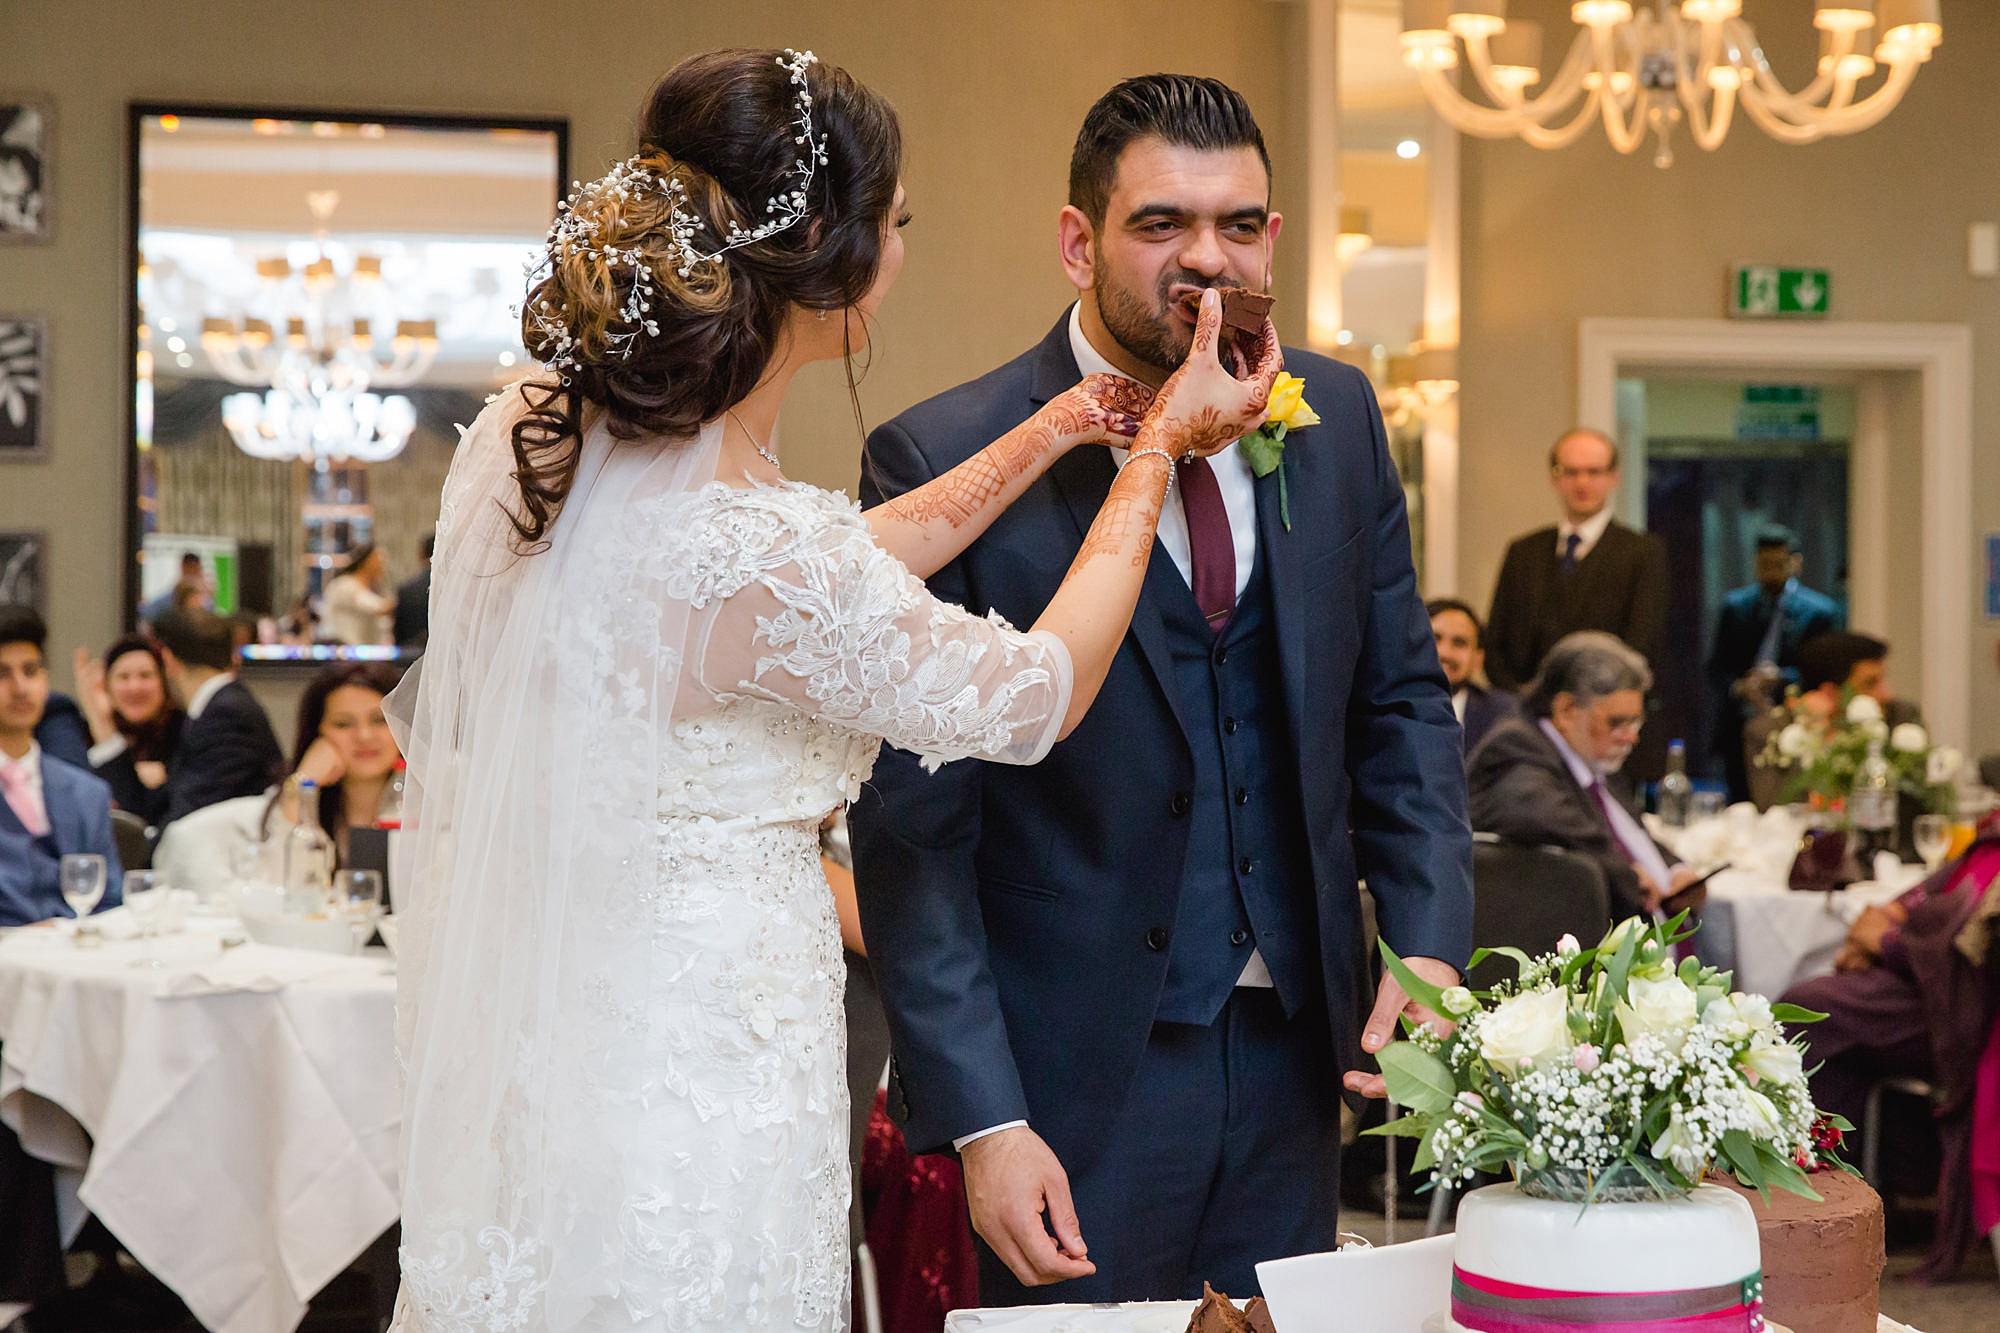 Richmond Hill Hotel wedding bride feeds groom wedding cake
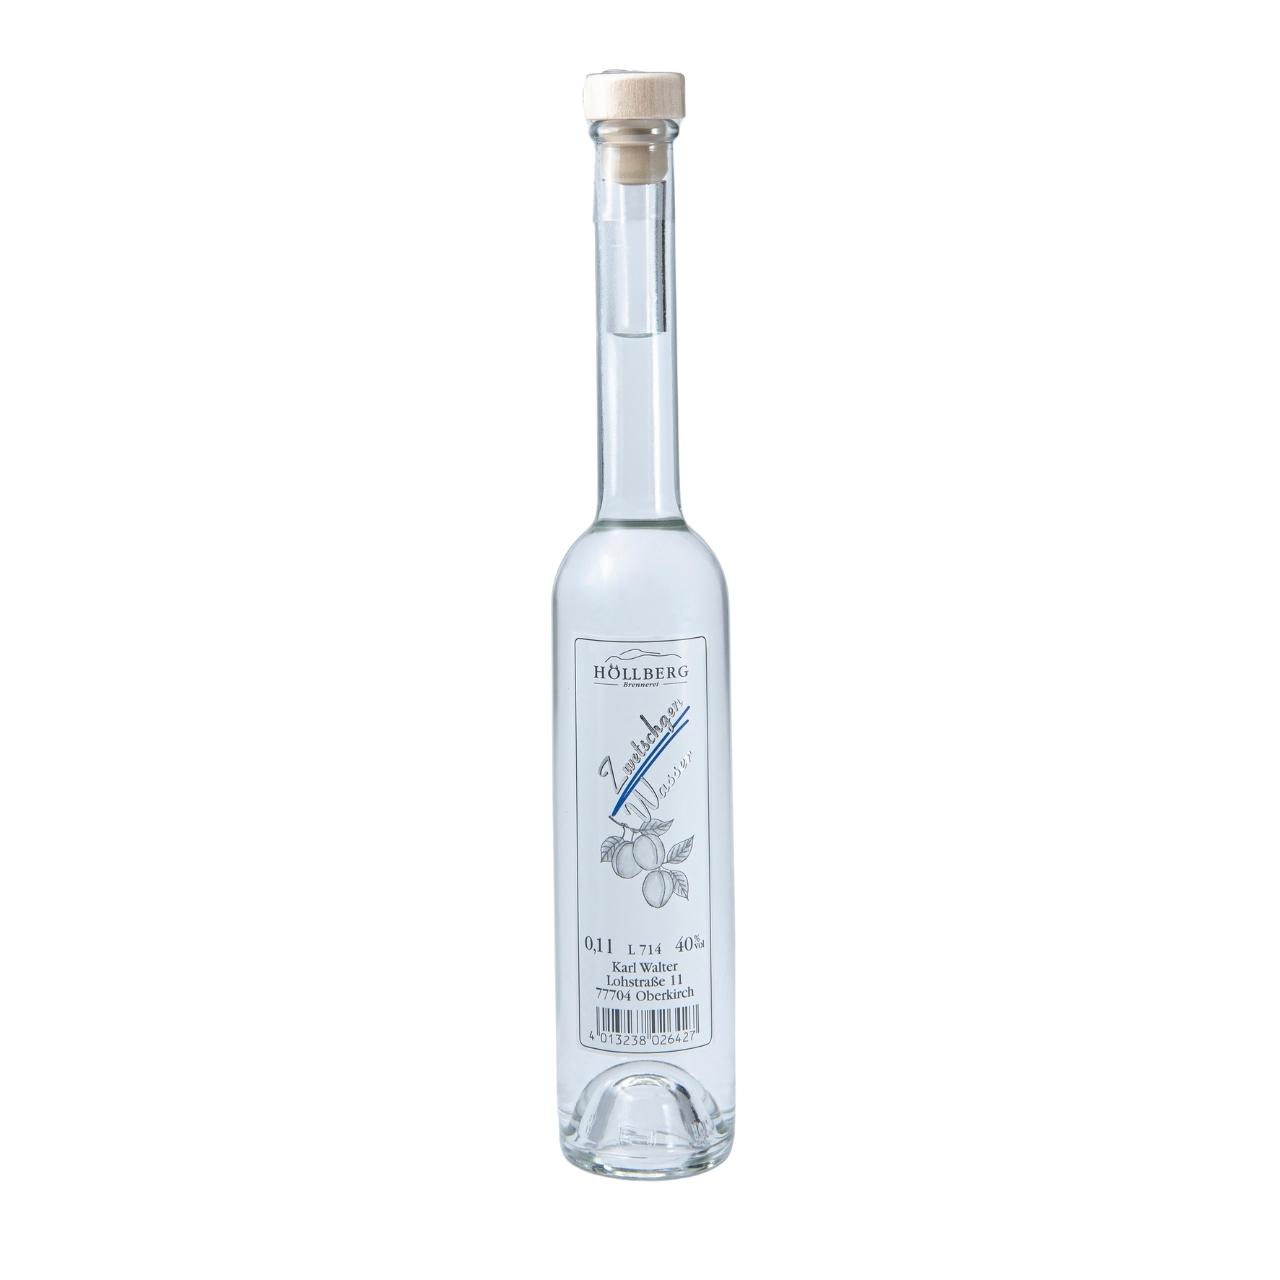 0,1 Liter Platinflasche Höllberg Zwetschgenwasser
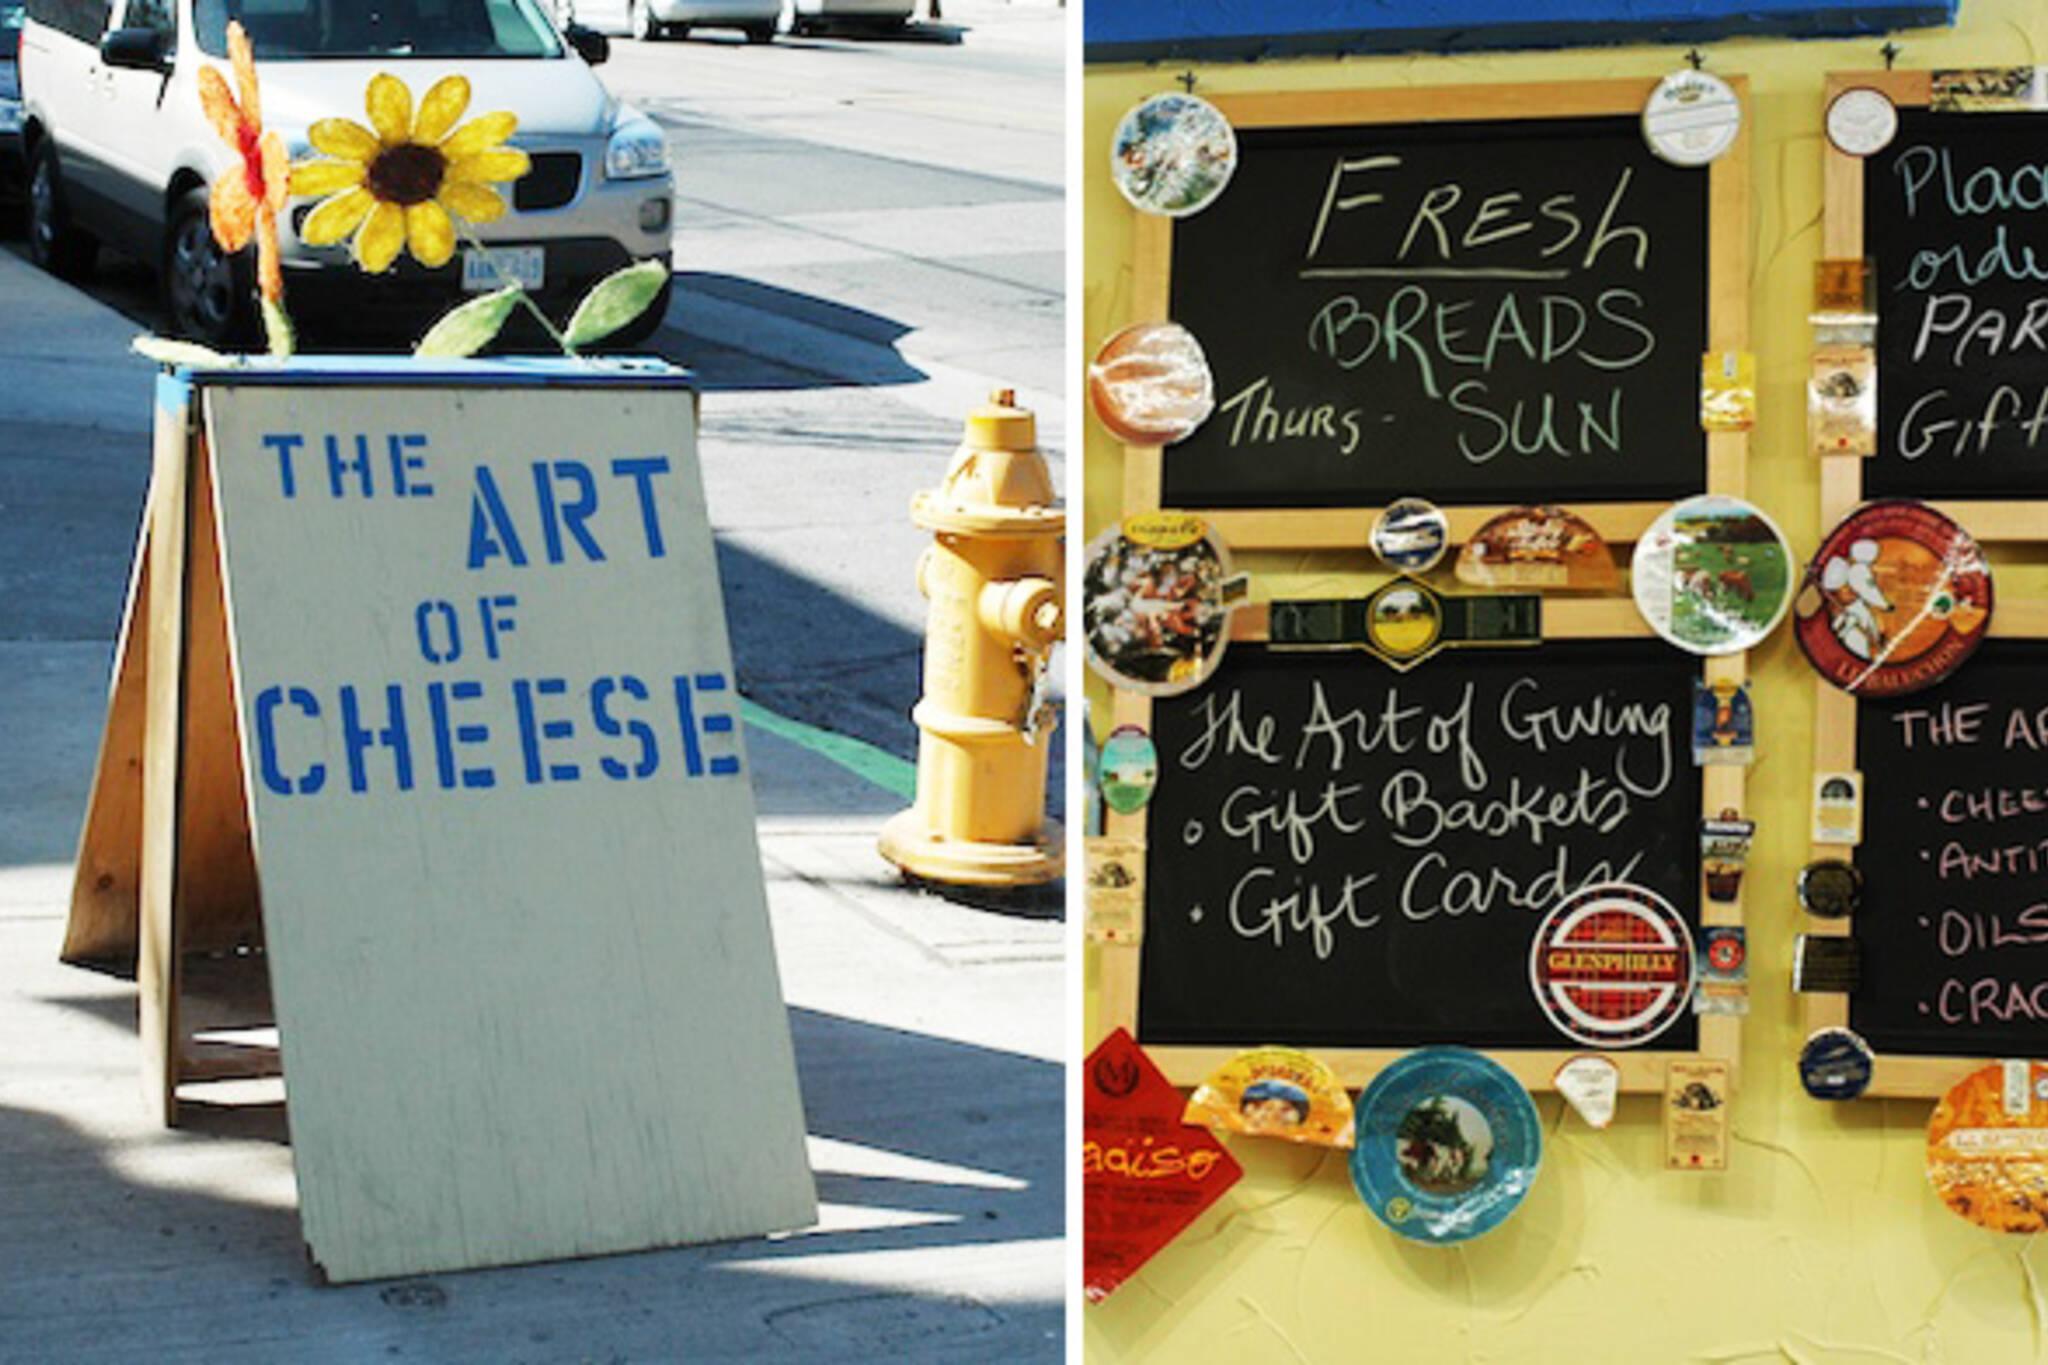 art of cheese toronto beaches
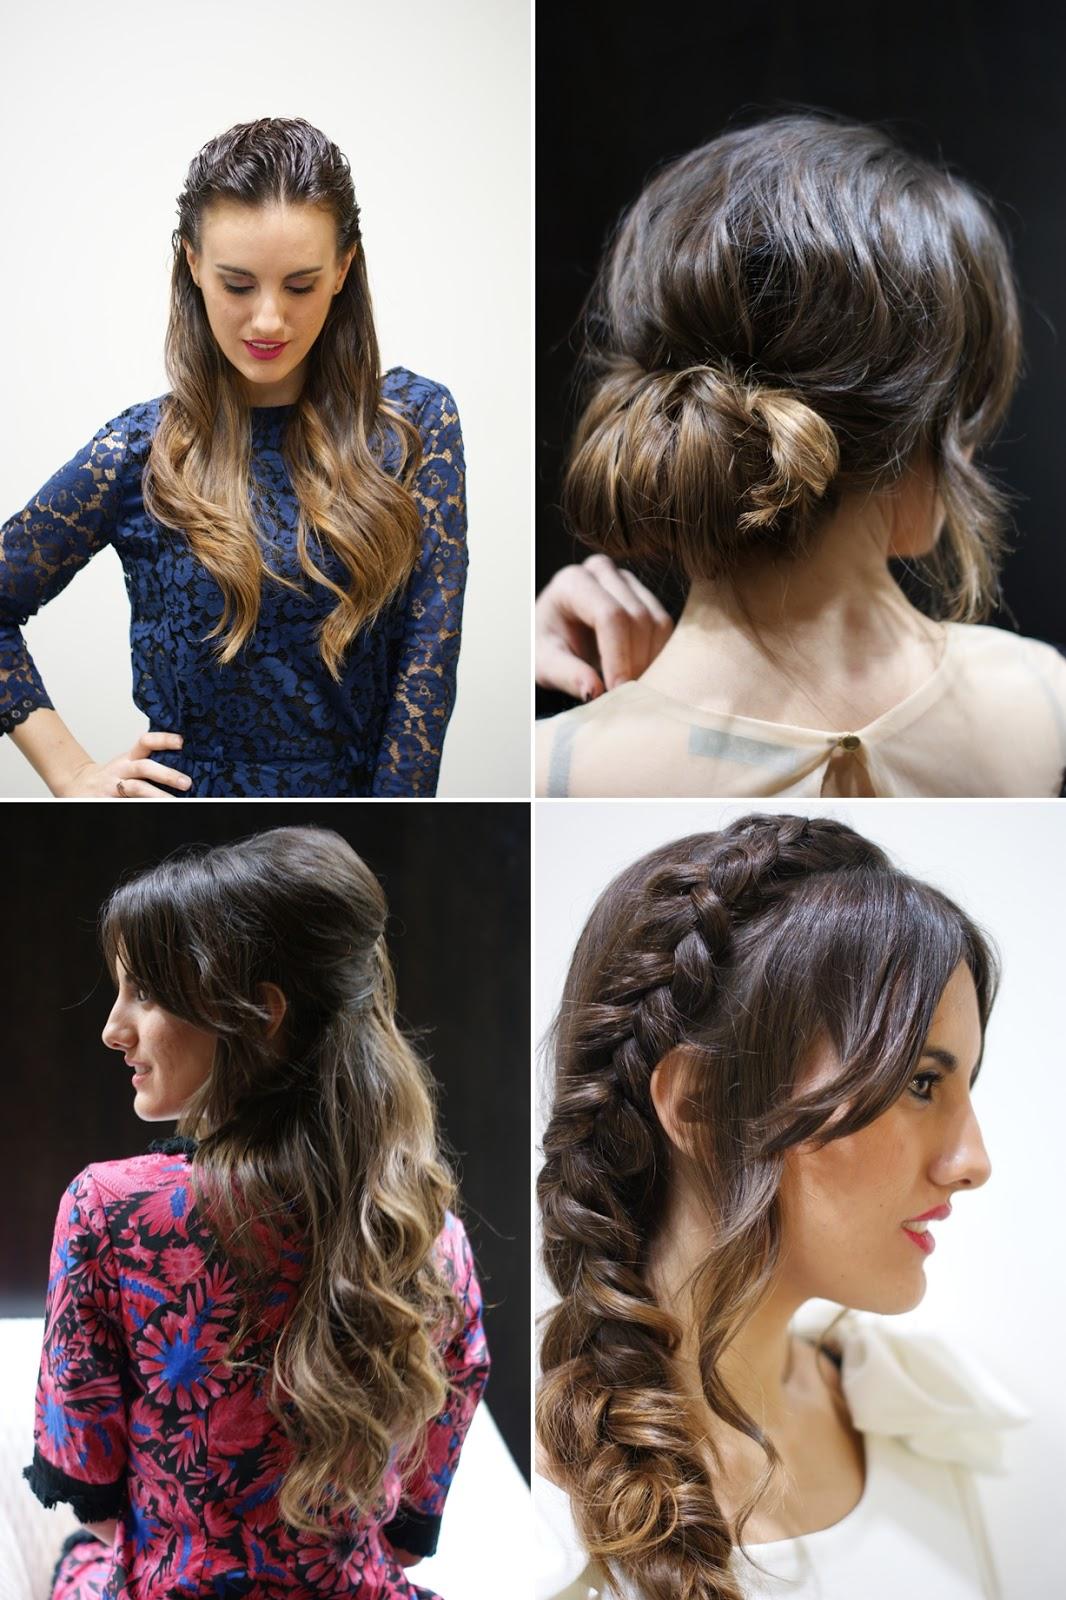 Peinados Ultima Tendencia - Pelo Peinados cortes y cuidados recogidos y cosmética Telva

□ □ □ □

= Problem description =
Please restate the data word for word, leaving out any picture it holds.

= Answer for the task =
 Richmond Hill Hotel wedding bride feeds groom wedding cake
 0,1 Liter Platinflasche Höllberg Zwetschgenwasser
 art of cheese toronto beaches
 Peinados Ultima Tendencia - Pelo Peinados cortes y cuidados recogidos y cosmética Telva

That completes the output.